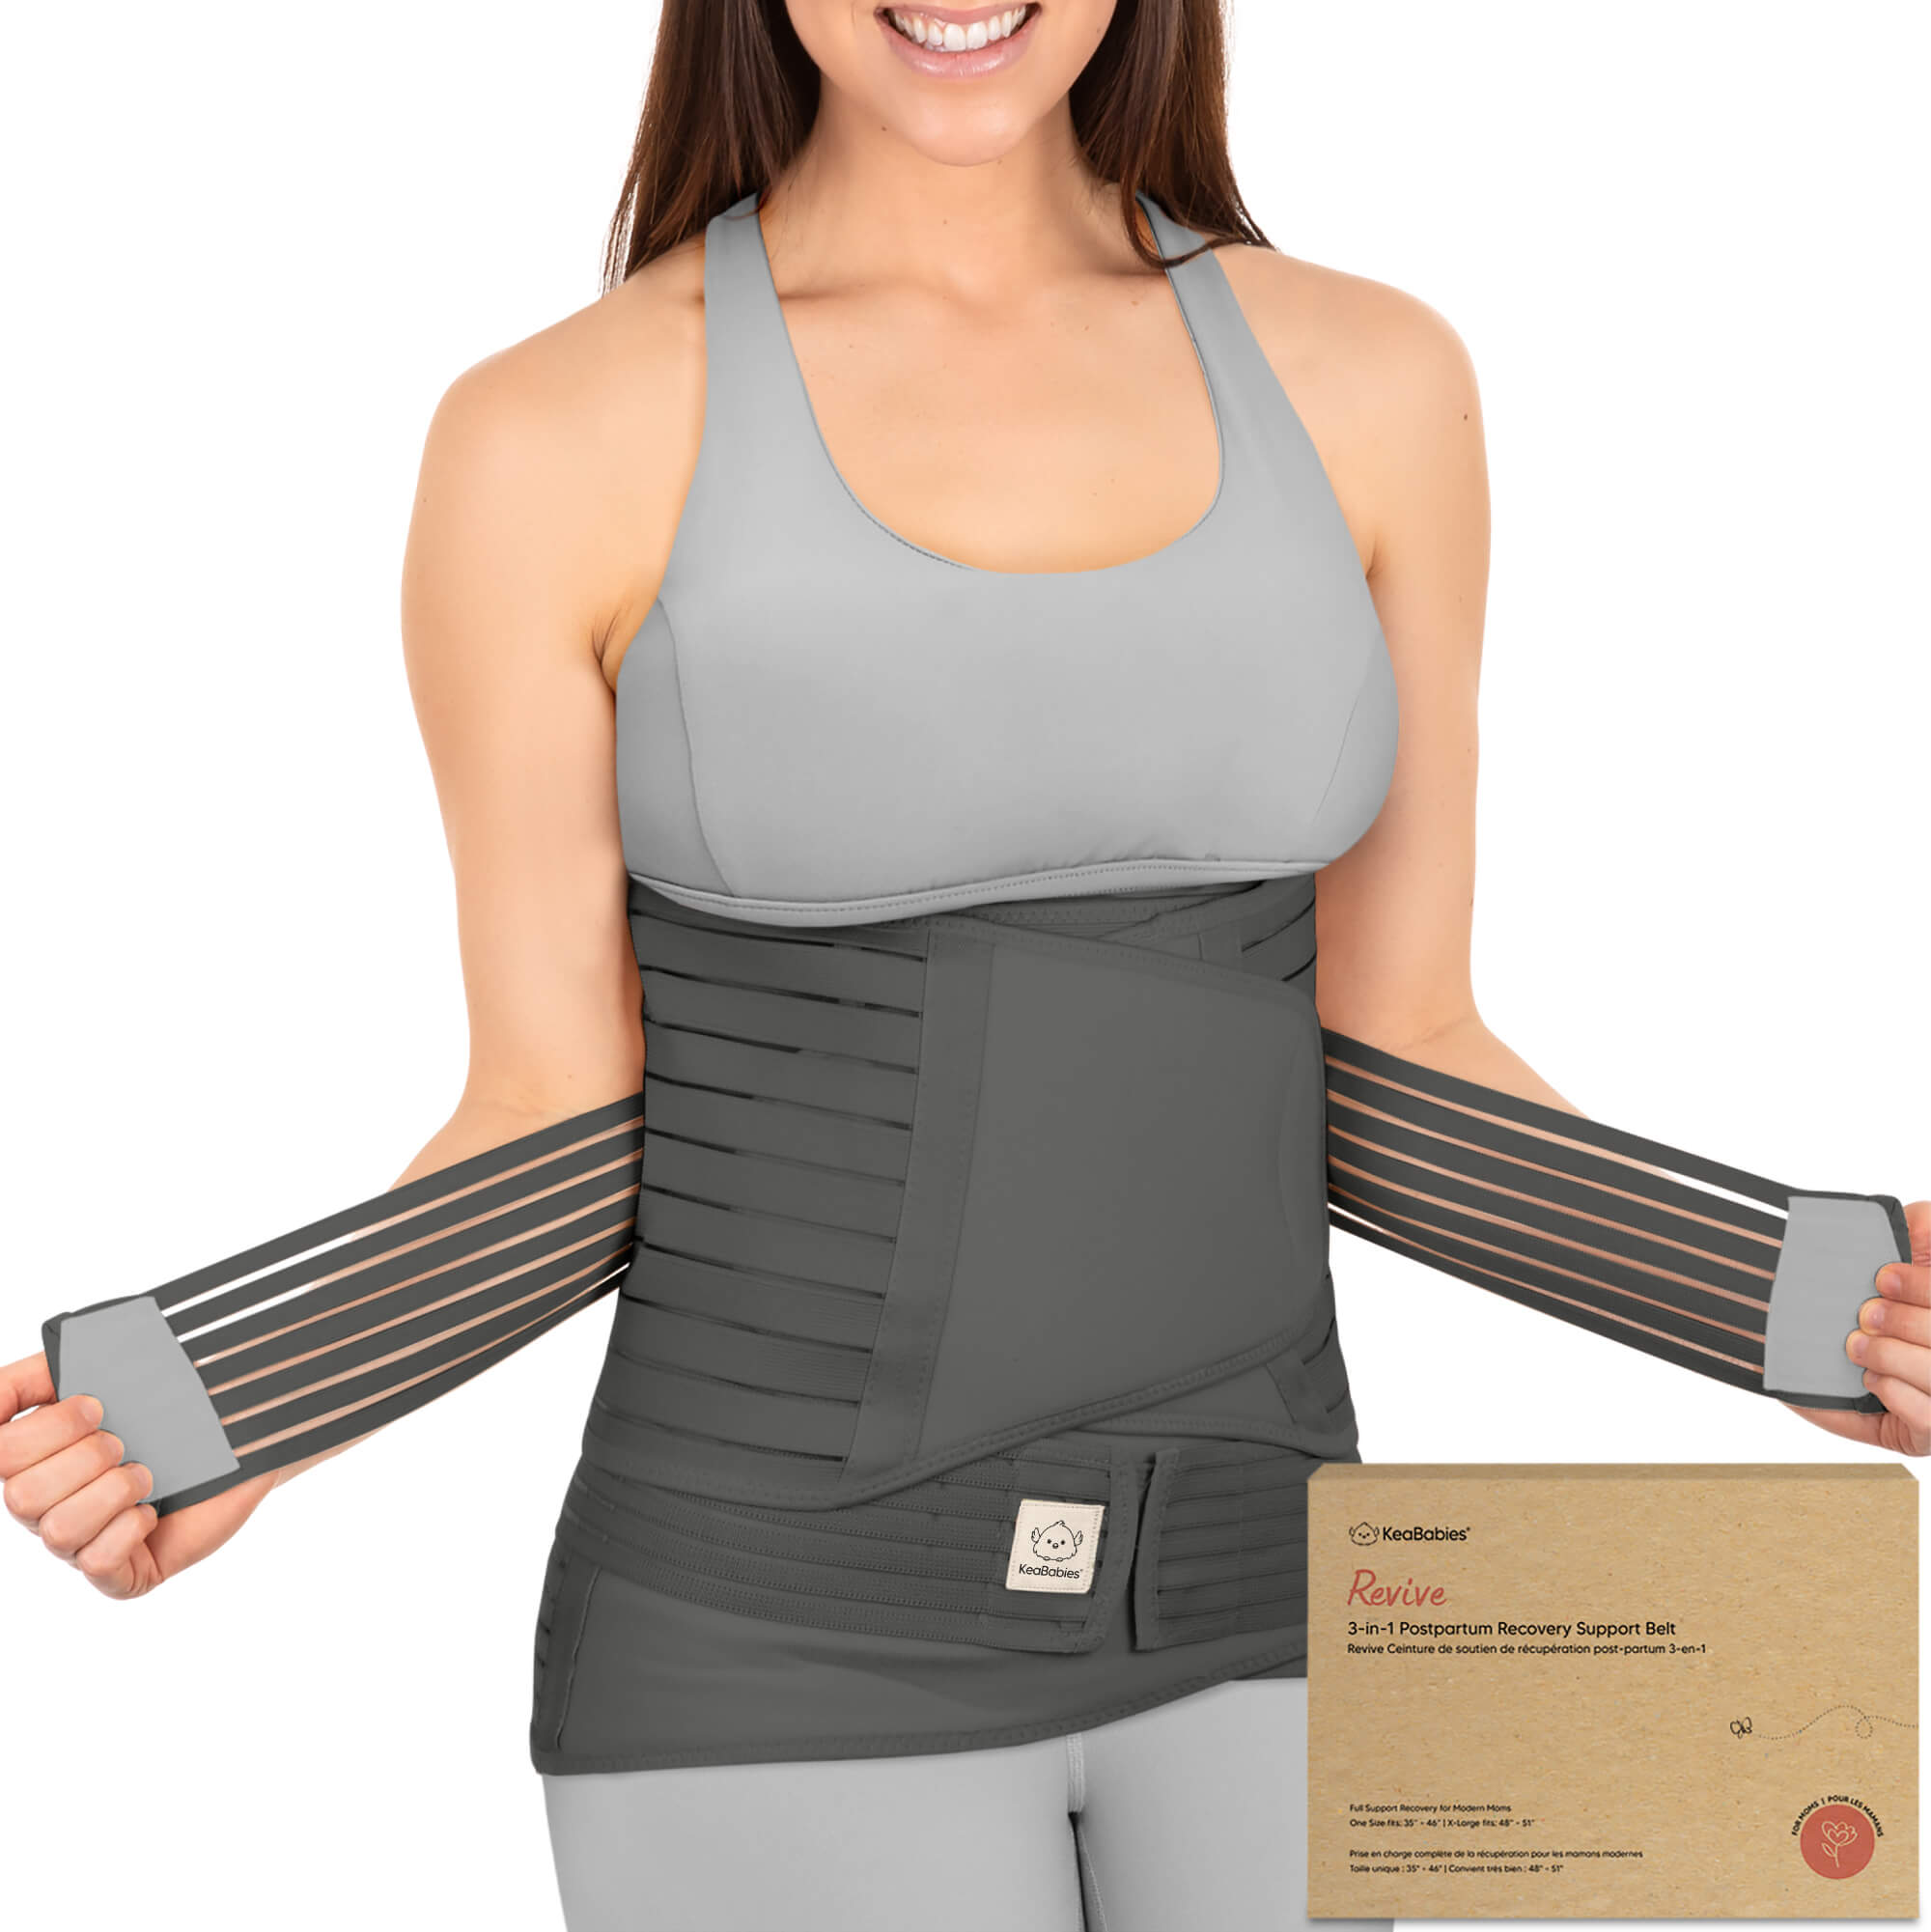 Did you know the 3 in 1 postpartum belt is based on the
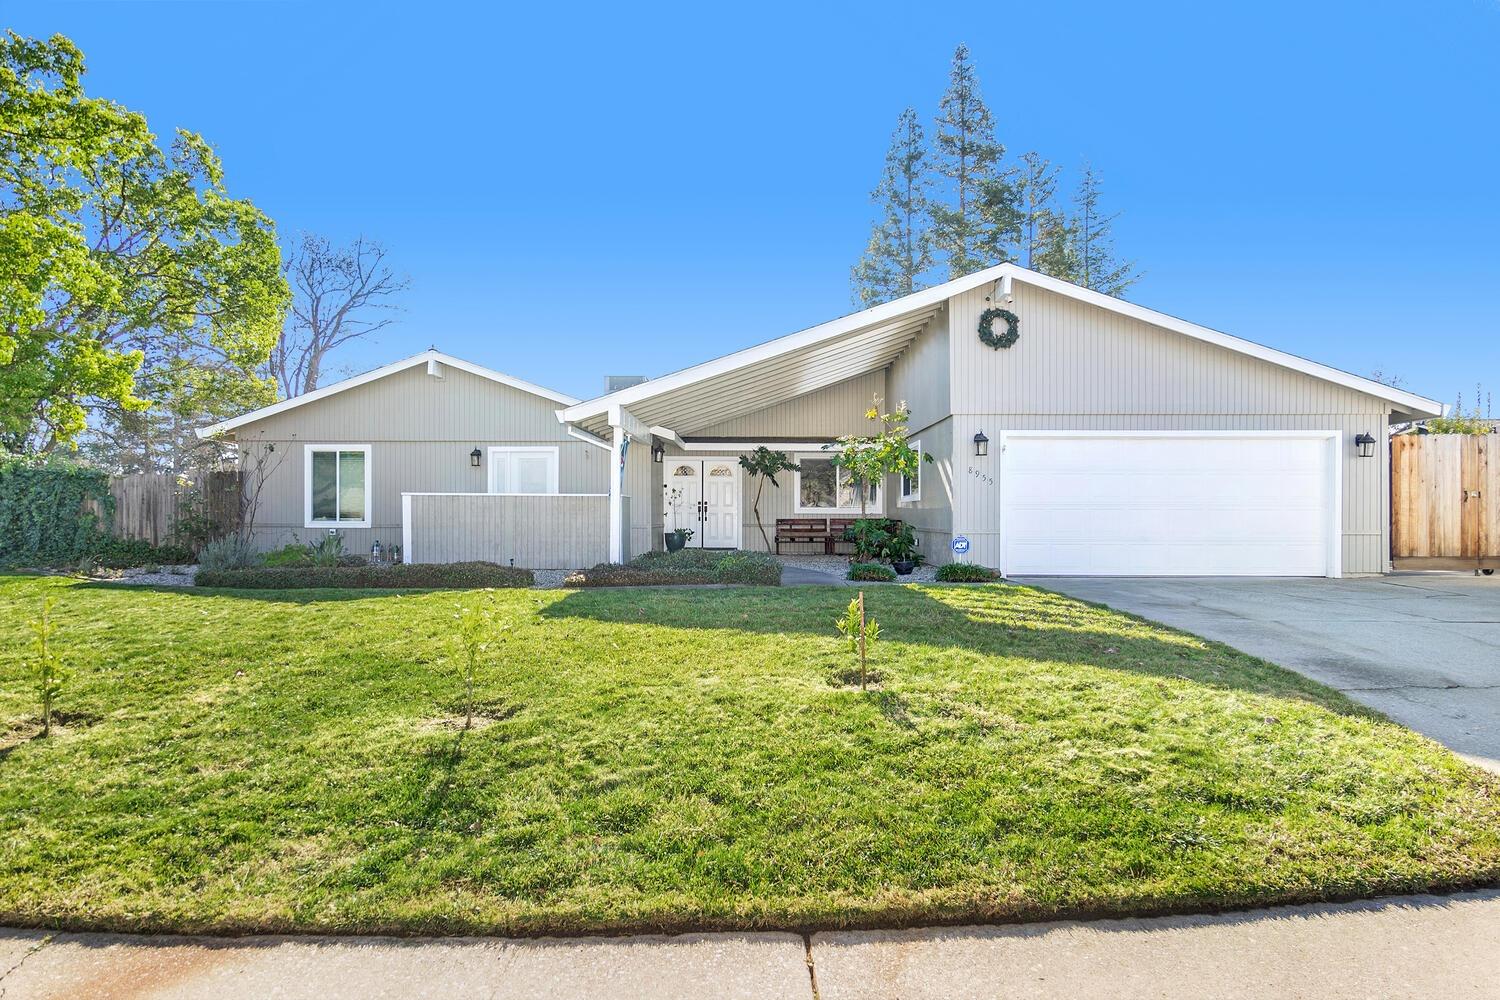 You are going to love this beautiful, open & bright home! Recently updated throughout including a go
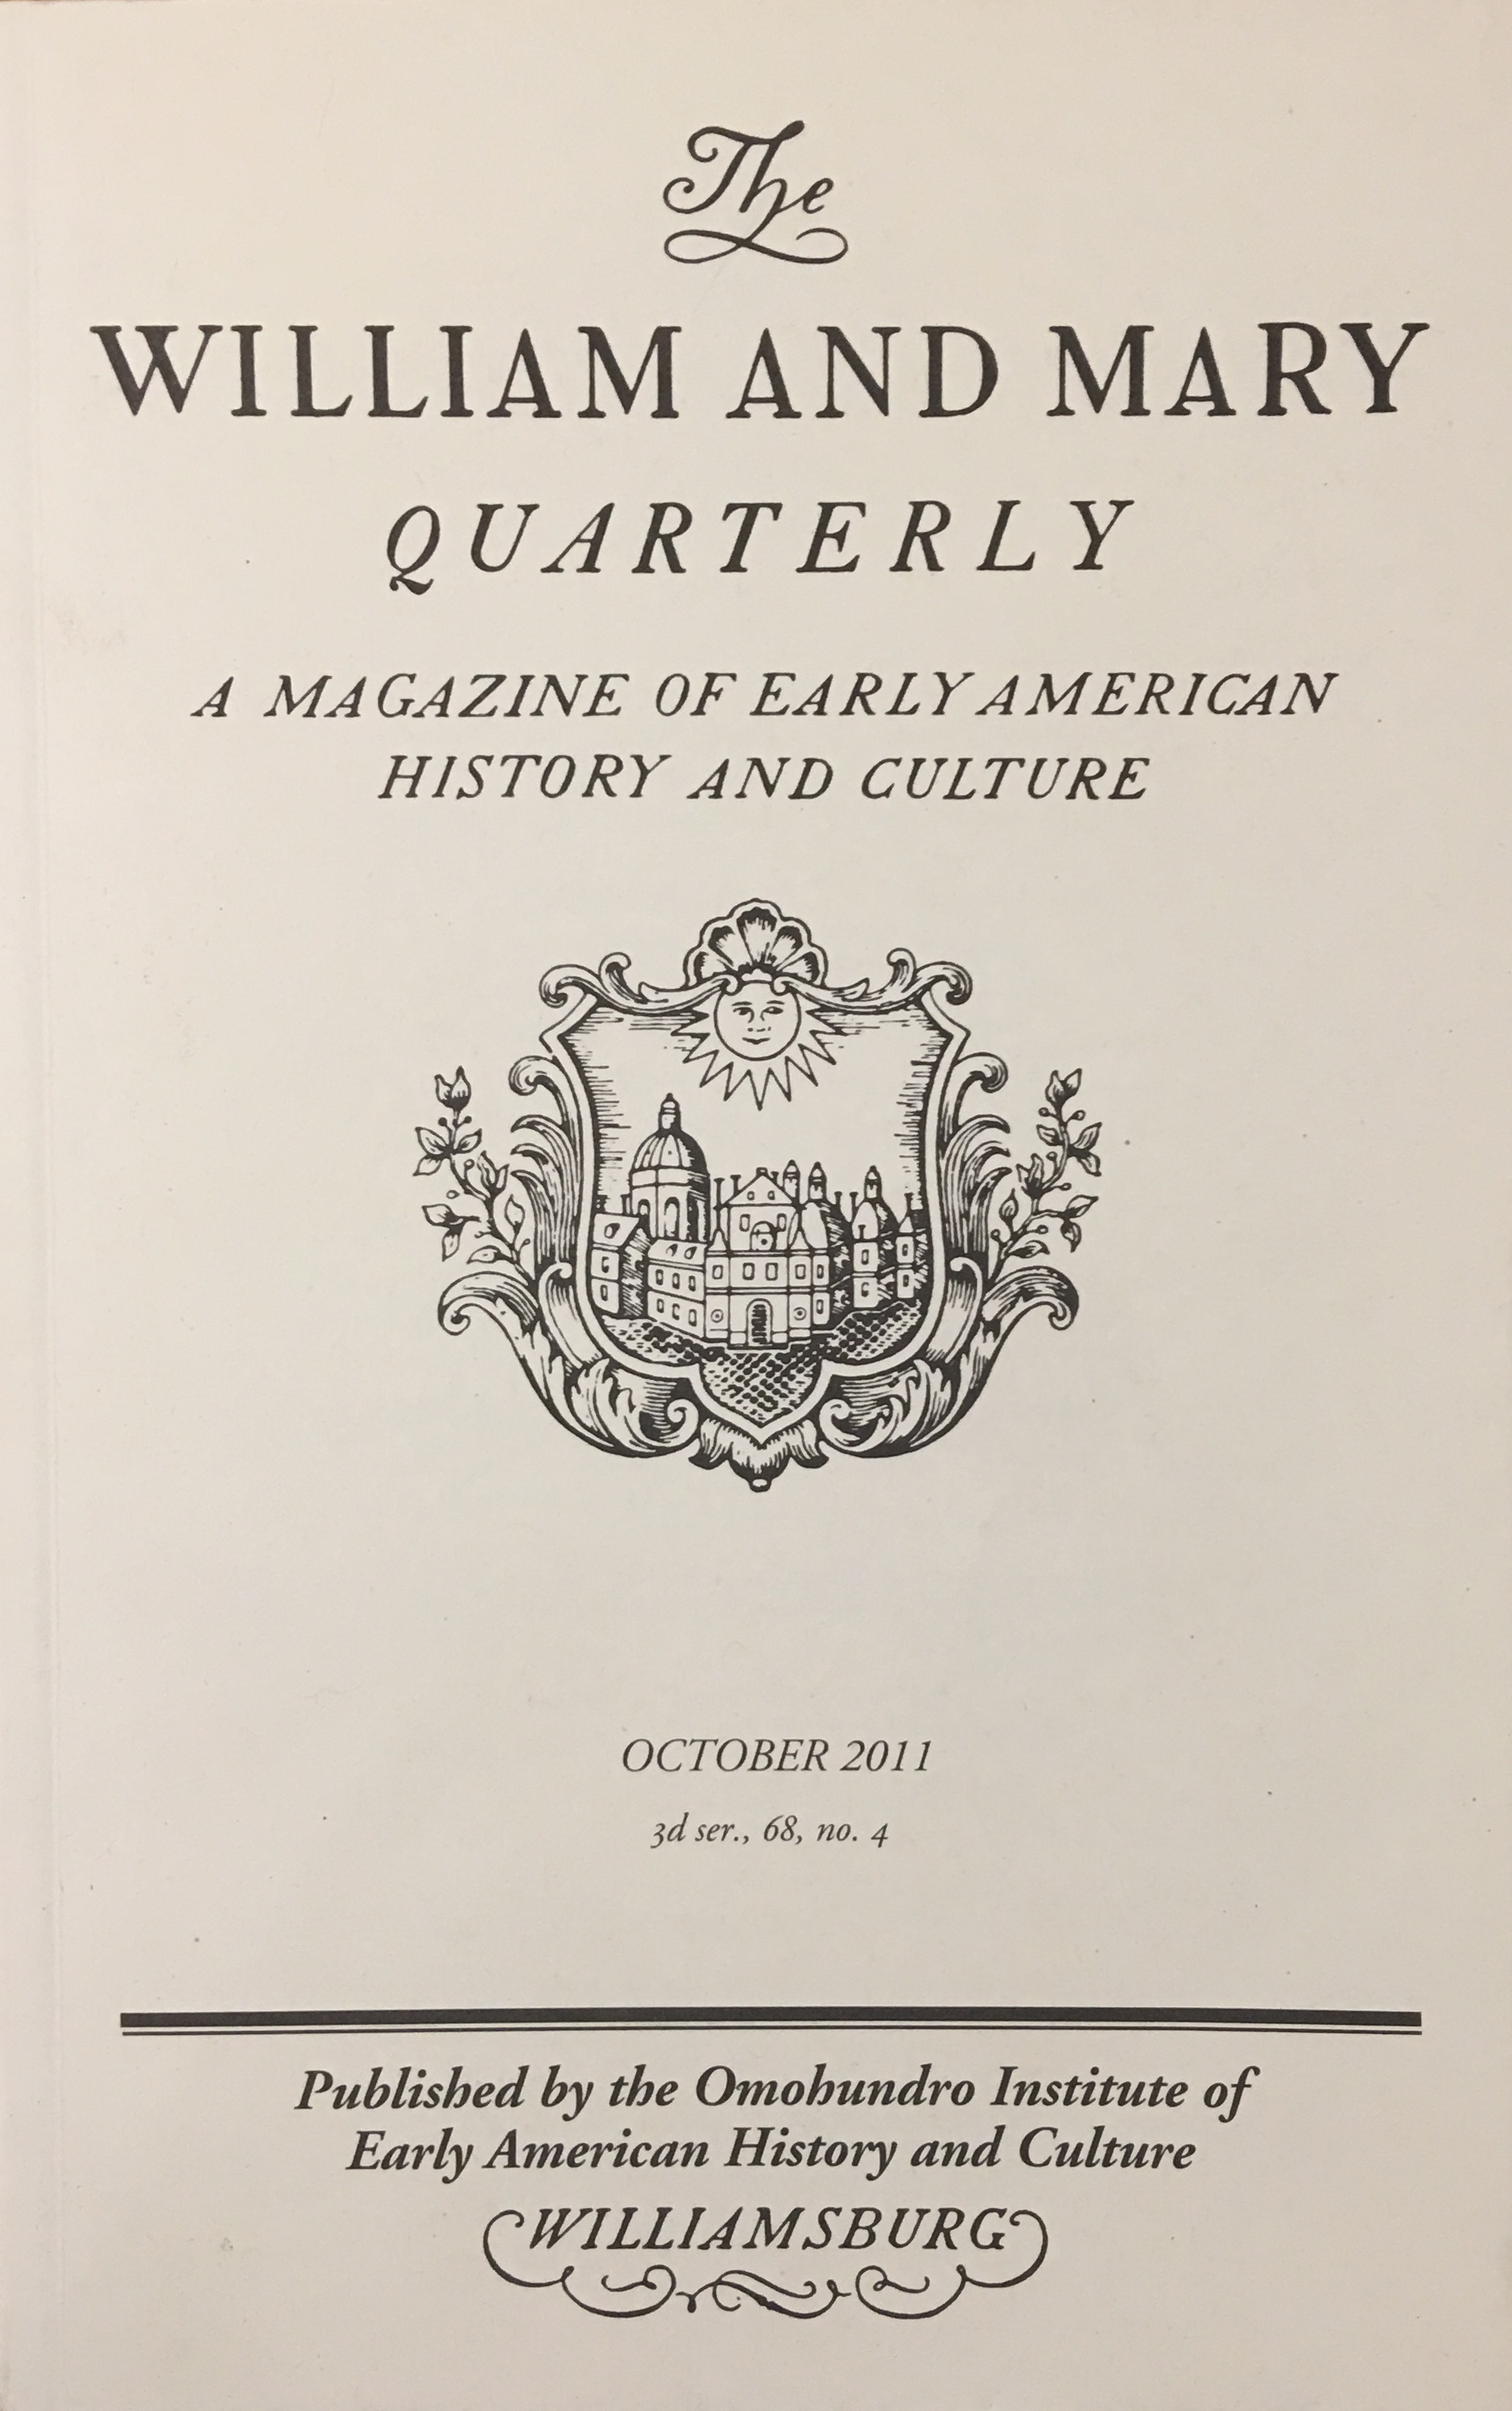 The William and Mary Quarterly — Michael McDonnell, Professor of Early American History pic pic

****************

Work to complete: Output a faithful copy of the data, with each picture left out.

Response box:
 Did you know the 3 in 1 postpartum belt is based on the
 You are going to love this beautiful, open & bright home! Recently updated throughout including a go
 The William and Mary Quarterly — Michael McDonnell, Professor of Early American History pic pic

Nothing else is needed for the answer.